【发布时间】:2016-05-28 20:48:16
【问题描述】:
我正在阅读 csv 并尝试基于 df['LSTAT'] (x/variable) vs. 建立一个线性回归模型。 df['MEDV'](y/目标)。但是,在模型拟合阶段不断弹出错误消息“ValueError:找到样本数量不一致的数组:[1 343]”。
我对数据进行了整形/重新整形(不确定我是否做得正确)或将 pd.DataFrame 转换为 numpy 数组和列表。它们都不起作用。看完这篇文章我还是不太明白这个问题:sklearn: Found arrays with inconsistent numbers of samples when calling LinearRegression.fit()。脚本和错误消息如下。
任何大师都可以提供一些详细解释的解决方案吗?谢谢!
import scipy.stats as stats
import pylab
import numpy as np
import matplotlib.pyplot as plt
import pylab as pl
import sklearn
from sklearn.cross_validation import train_test_split
from sklearn import datasets, linear_model
from sklearn.linear_model import LinearRegression
df=pd.read_csv("input.csv")
X_train1, X_test1, y_train1, y_test1 = train_test_split(df['LSTAT'],df['MEDV'],test_size=0.3,random_state=1)
lin=LinearRegression()
################## This line: " lin_train=lin.fit(X_train1,y_train1)" causes the trouble.

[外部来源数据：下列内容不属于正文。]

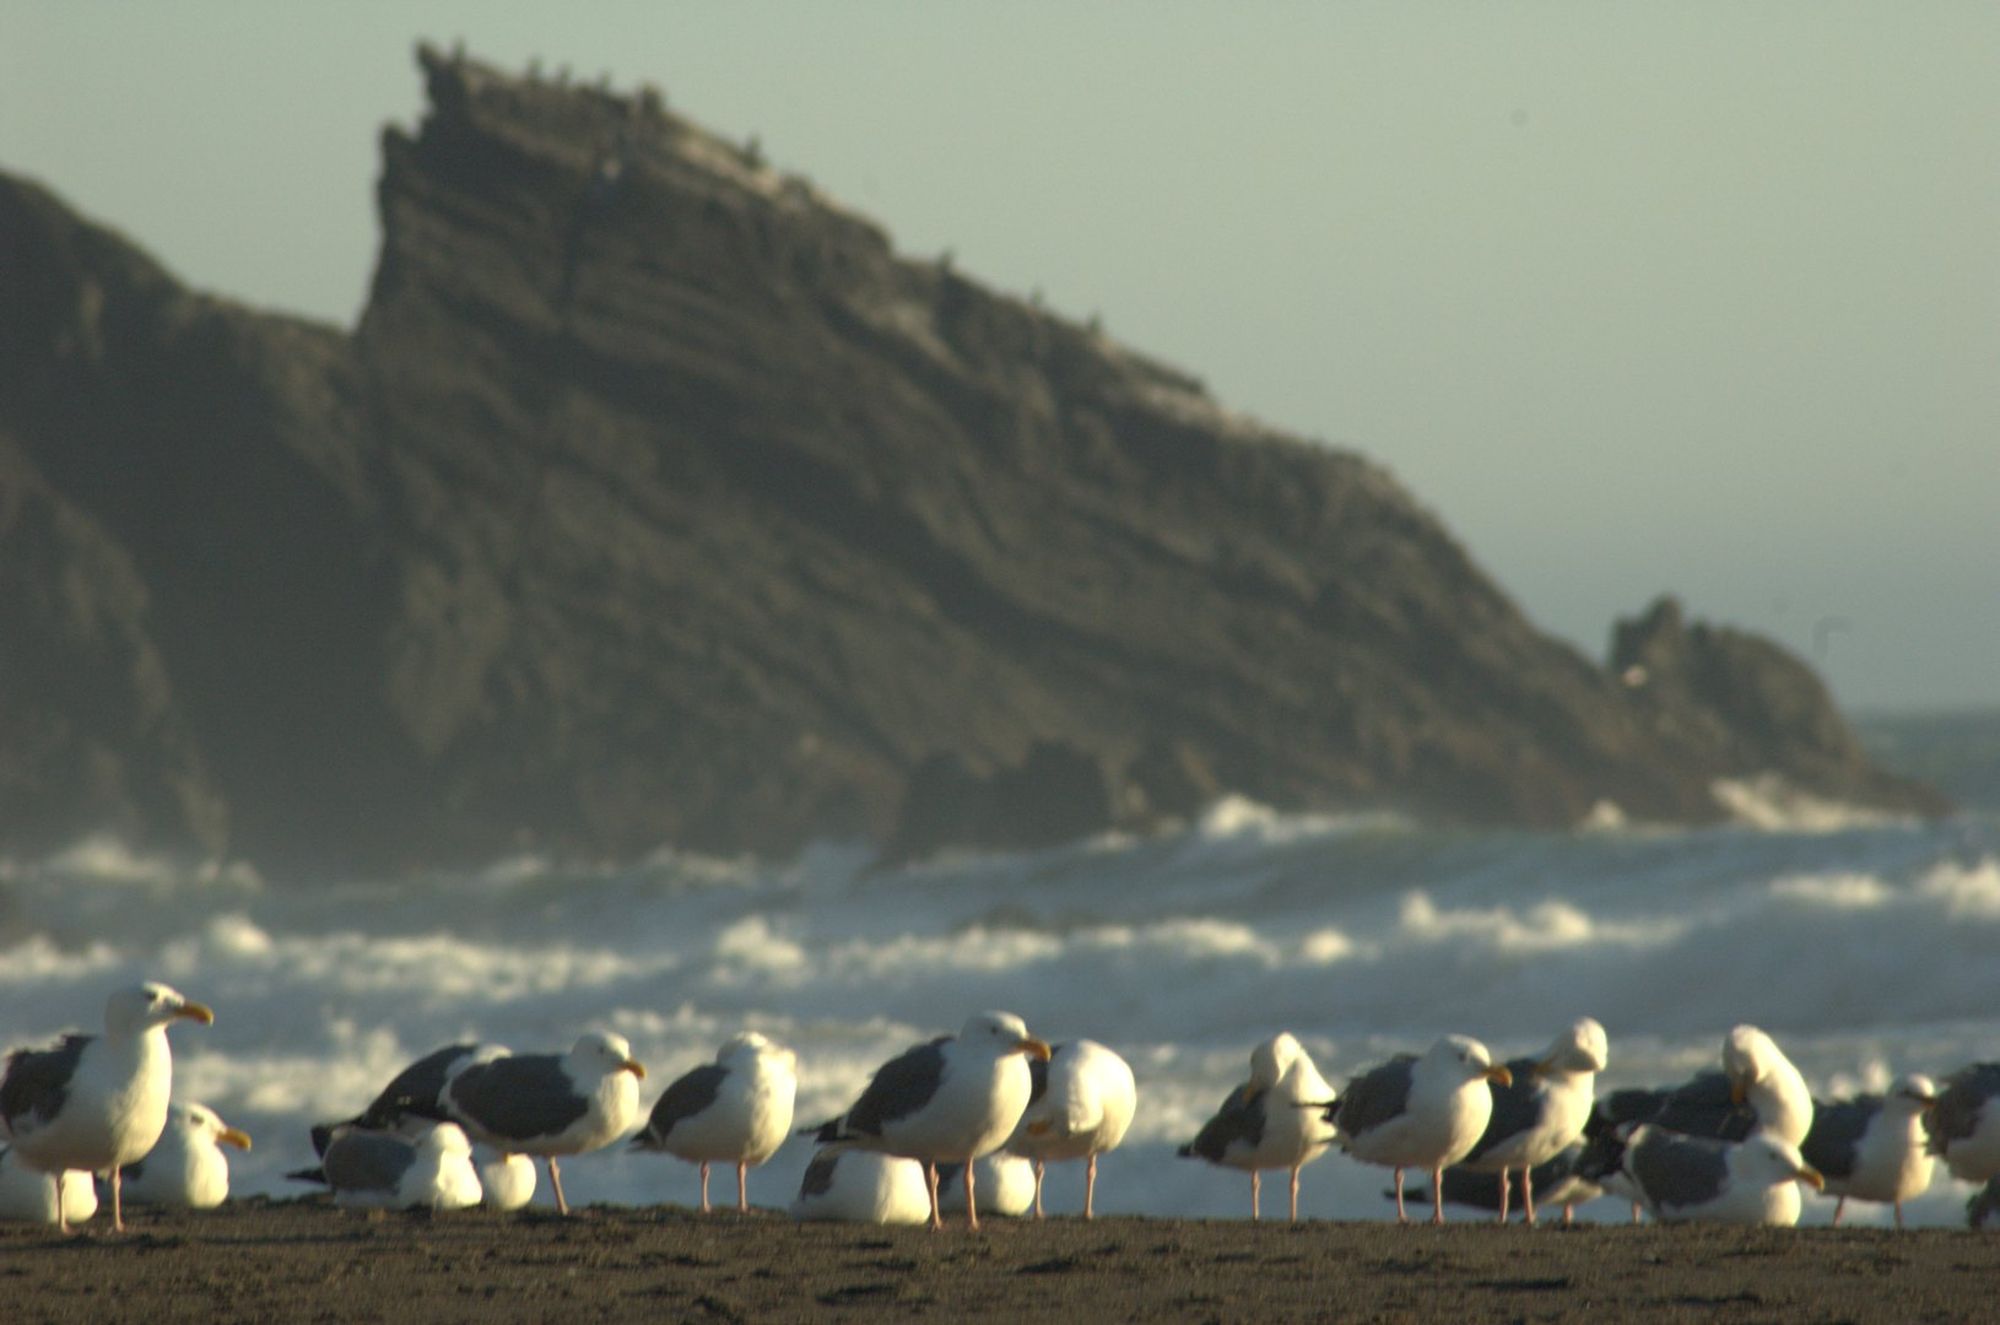 Humbug Seagulls with Rocks.

lin_train=lin.fit(X_train1,y_train1)
################## The followings are just the plotting lines after fitting the Linear regression
# The coefficients
print('Coefficients: \n', lin.coef_)
# The mean square error
print("Residual sum of squares: %.2f"
% np.mean((lin.predict(X_test1) - y_test1) ** 2))
# Explained variance score: 1 is perfect prediction
print('Variance score: %.2f' % lin.score(X_test1, y_test1))
# Plot outputs
plt.scatter(X_test1, y_test1, color='black')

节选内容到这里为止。